Your answer should be only the lines below from the one with "Please confirm location NY or NJ" to the one with "Vintage style wedding", repeated exactly, ends included.

**Records provided**.
* * *
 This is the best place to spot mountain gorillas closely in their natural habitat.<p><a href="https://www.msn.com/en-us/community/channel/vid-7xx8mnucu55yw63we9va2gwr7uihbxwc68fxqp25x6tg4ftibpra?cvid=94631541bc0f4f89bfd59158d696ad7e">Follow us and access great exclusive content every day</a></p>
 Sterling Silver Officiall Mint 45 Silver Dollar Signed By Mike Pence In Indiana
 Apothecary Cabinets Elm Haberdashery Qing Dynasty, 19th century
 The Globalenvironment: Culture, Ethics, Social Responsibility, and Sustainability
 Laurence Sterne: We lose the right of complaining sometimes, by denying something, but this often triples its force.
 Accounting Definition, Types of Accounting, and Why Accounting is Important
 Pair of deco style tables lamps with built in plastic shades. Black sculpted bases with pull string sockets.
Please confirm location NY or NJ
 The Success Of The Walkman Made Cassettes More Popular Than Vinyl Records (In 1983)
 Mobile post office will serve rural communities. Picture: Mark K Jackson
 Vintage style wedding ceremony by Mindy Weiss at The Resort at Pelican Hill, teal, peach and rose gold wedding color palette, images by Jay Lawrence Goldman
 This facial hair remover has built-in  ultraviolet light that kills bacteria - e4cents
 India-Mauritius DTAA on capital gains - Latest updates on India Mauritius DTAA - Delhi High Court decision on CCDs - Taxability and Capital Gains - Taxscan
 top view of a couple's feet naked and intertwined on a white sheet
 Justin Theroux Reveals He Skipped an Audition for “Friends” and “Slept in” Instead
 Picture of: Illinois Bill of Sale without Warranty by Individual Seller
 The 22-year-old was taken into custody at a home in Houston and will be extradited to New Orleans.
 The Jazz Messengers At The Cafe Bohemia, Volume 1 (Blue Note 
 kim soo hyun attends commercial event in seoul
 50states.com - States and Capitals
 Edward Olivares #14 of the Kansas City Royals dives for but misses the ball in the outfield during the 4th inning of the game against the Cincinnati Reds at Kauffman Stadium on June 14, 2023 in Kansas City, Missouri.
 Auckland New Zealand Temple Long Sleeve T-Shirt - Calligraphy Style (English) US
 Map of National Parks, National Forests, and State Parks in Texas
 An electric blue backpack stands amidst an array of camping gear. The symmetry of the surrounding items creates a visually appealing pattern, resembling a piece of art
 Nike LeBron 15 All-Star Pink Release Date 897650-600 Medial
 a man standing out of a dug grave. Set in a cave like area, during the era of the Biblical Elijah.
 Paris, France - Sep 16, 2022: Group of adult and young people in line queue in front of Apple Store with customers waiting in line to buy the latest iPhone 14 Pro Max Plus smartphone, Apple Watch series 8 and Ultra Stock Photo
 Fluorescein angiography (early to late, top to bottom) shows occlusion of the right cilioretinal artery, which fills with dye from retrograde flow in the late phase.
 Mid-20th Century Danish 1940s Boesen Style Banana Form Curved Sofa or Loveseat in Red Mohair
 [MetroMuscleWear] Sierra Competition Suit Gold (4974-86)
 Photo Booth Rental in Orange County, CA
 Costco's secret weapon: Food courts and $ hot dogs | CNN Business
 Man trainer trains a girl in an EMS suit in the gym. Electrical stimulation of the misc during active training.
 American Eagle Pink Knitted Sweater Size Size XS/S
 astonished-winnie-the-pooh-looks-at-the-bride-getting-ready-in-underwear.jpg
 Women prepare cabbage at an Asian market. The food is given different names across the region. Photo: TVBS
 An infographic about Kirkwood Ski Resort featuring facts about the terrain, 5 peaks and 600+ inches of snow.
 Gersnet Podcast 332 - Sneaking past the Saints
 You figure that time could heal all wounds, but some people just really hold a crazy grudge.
* * *
**Answer area**.
Please confirm location NY or NJ
 The Success Of The Walkman Made Cassettes More Popular Than Vinyl Records (In 1983)
 Mobile post office will serve rural communities. Picture: Mark K Jackson
 Vintage style wedding ceremony by Mindy Weiss at The Resort at Pelican Hill, teal, peach and rose gold wedding color palette, images by Jay Lawrence Goldman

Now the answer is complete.